Frankfurt a.M., La Paz (epd). Nach der Wahl vom Sonntag steht Bolivien vor einem Regierungswechsel. Der Christdemokrat Rodrigo Paz liegt nach Auszählung von mehr als 95 Prozent der Stimmen überraschend vorn. Paz landete mit 32 Prozent der Stimmen vor dem früheren Präsidenten Jorge Quiroga, der auf 27 Prozent kam, wie die Wahlbehörde am Montagmorgen (Ortszeit) mitteilte. Die beiden konservativen Politiker treffen nun in der Stichwahl am 19. Oktober aufeinander. Damit wird die linksgerichtete „Bewegung zum Sozialismus“ (MAS) nach knapp 20 Jahren von der Macht abgelöst.

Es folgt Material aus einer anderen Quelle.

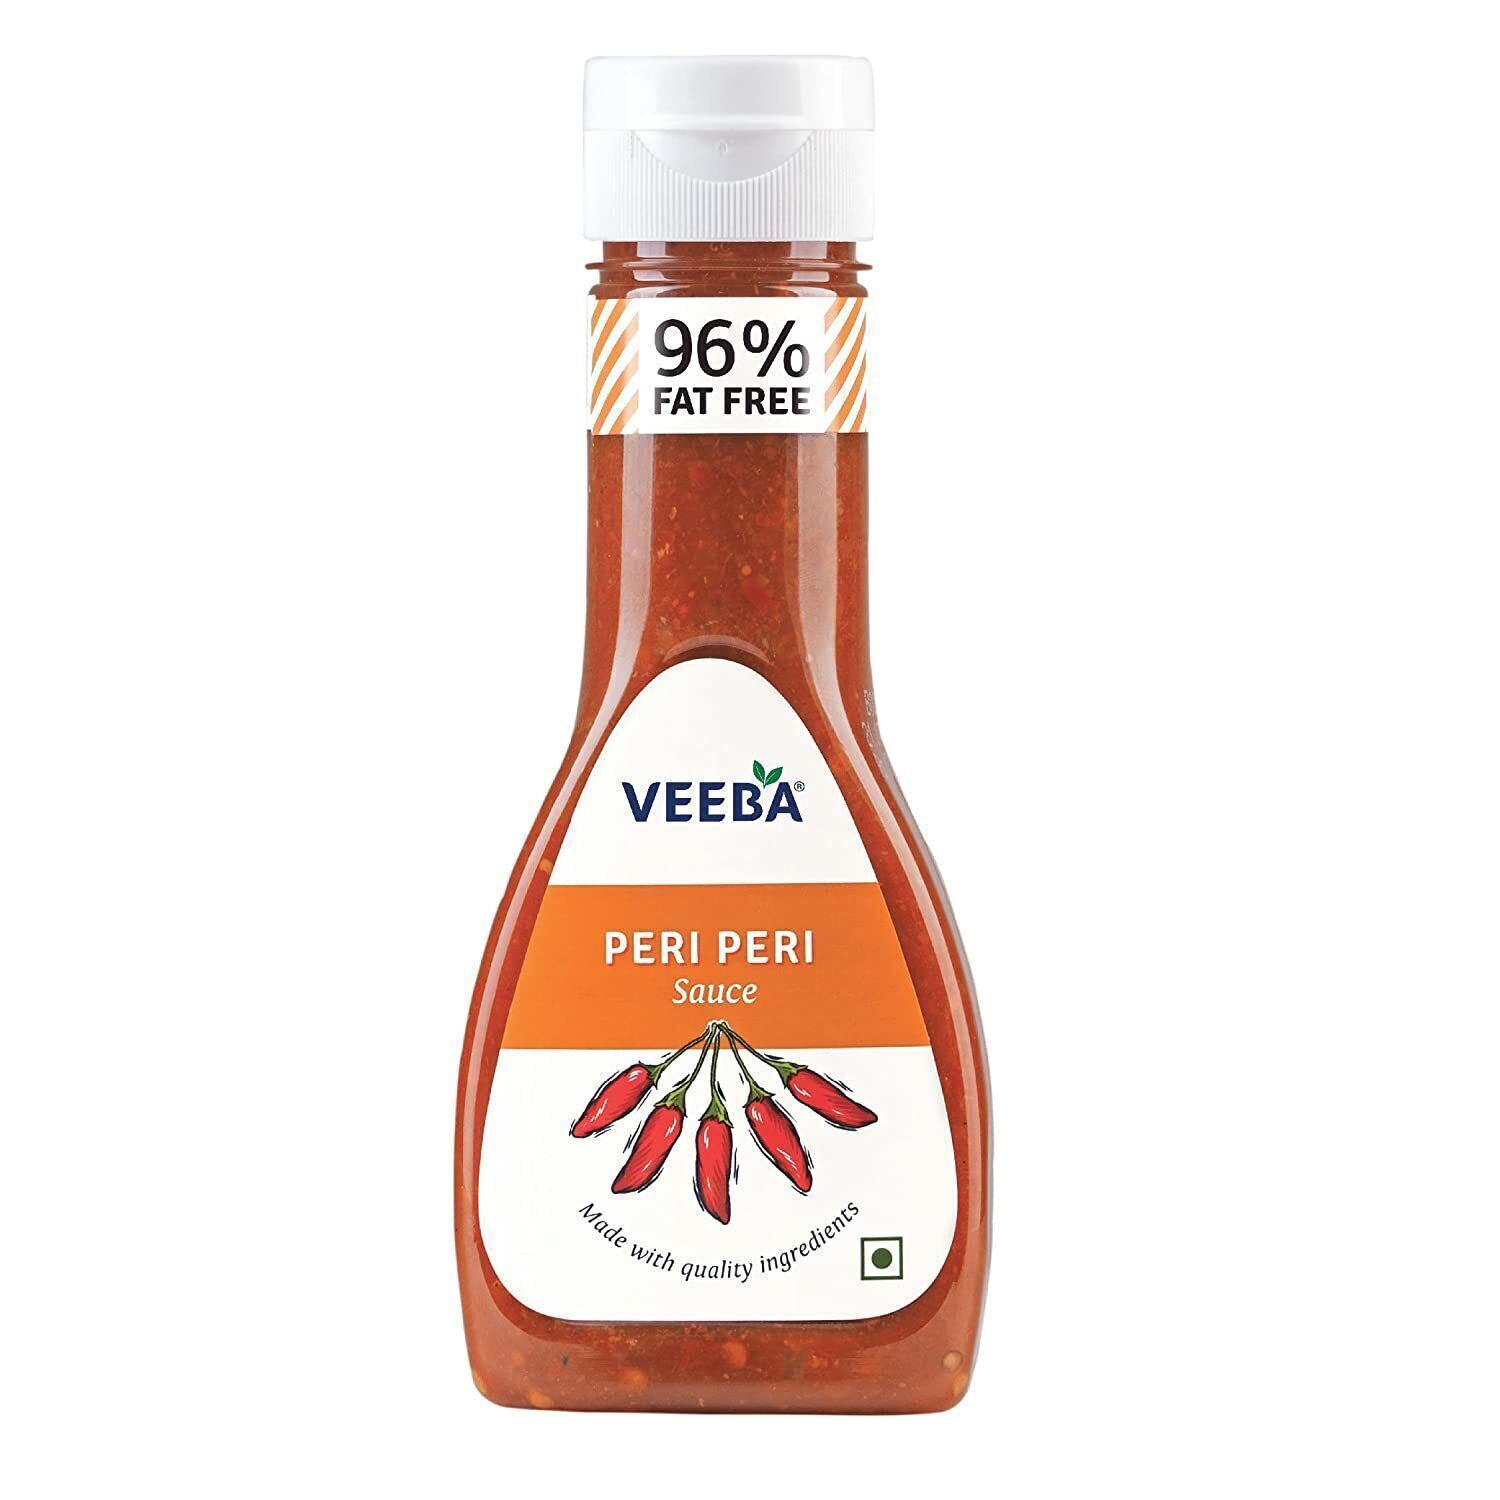 Veeba Peri Peri Sauce, 300gm - 100% Vegetarian - Fat Free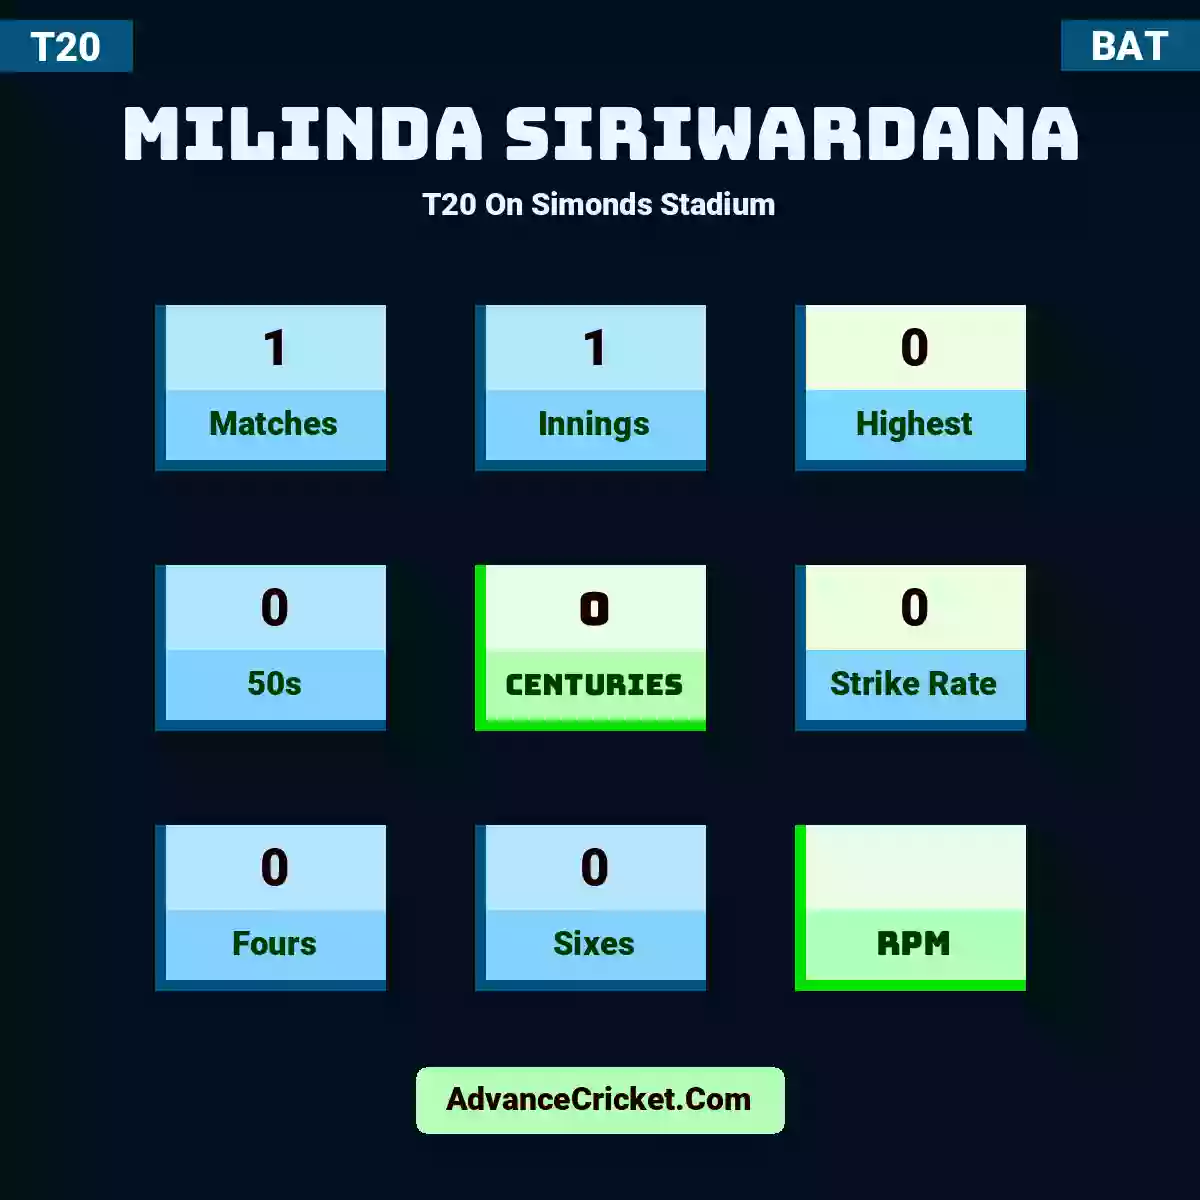 Milinda Siriwardana T20  On Simonds Stadium, Milinda Siriwardana played 1 matches, scored 0 runs as highest, 0 half-centuries, and 0 centuries, with a strike rate of 0. M.Siriwardana hit 0 fours and 0 sixes.

Der Unternehmer Samuel Doria Medina, der sämtliche Umfragen angeführt hatte, landete mit 20 Prozent auf dem dritten Platz. Auf ihn folgte der linksgerichtete Kandidat Andrónico Rodríguez, der 8 Prozent erhielt. Eduardo del Castillo von der MAS wurde mit 3 Prozent abgestraft. Wahlumfragen sind in dem südamerikanischen Land chronisch unzuverlässig.
„Wir wollen den Wiederaufbau des Vaterlandes“, sagte Paz in seiner Siegesrede: „Die Wirtschaft soll den Menschen gehören, nicht dem Staat.“ Der 57-jährige Christdemokrat hatte einen diskreten Wahlkampf geführt, er konzentrierte sich vor allem auf soziale Medien und Mund-zu-Mund-Propaganda. Damit setzte er sich von Doria Medina und dem neoliberalen Quiroga ab, der bereits 2001/2002 regiert hatte.
Der frühere Präsident Evo Morales (2006-2019), der nicht zur Wahl zugelassen worden war, hatte aufgerufen, mit ungültig zu stimmen. 19 Prozent der Wählerinnen und Wähler folgten diesem Ratschlag, etwa 2 Prozent gaben leere Wahlzettel ab. Mit dem amtierenden Staatschef Luis Arce ist Morales völlig zerstritten, ihre vormals mächtige MAS mehrfach gespalten. Mit dem Ergebnis von 3 Prozent konnte sie gerade noch ihren Status als zugelassene Partei sichern. Arce verzichtete auf eine weitere Kandidatur.
Anders als in oft polarisierten Nachbarländern stimmt die Bevölkerung in Bolivien mit dem Wahlergebnis für einen Weg der Mitte mit moderaten marktwirtschaftlichen Reformen. Paz, dessen Vater Jorge Paz Zamora das Land von 1989 bis 1993 regiert hatte, präsentierte sich als unverbrauchter, bescheidener Mann der Mitte. Die weitverbreitete Politikverdrossenheit traf auch die altbekannten Politiker Doria Medina und Quiroga.
Ergebnisse für die Kongresswahlen, in denen die 166 Mitglieder beider Parlamentskammern bestimmt werden, lagen am Montagmorgen noch nicht vor. Beobachter gehen davon aus, dass die Linke auch dort klar in die Opposition verwiesen wird. Die Wahlergebnisse sind eine Reaktion auf eine gravierende Wirtschaftskrise in Bolivien. Bei Benzin, Medikamenten und einzelnen Lebensmitteln kommt es zu Engpässen. Die Exporte von Erdgas oder landwirtschaftlichen Produkten können den steigenden Importbedarf nicht mehr decken, Dollar sind auf dem Schwarzmarkt sehr begehrt. Die Inflation liegt bei 25 Prozent.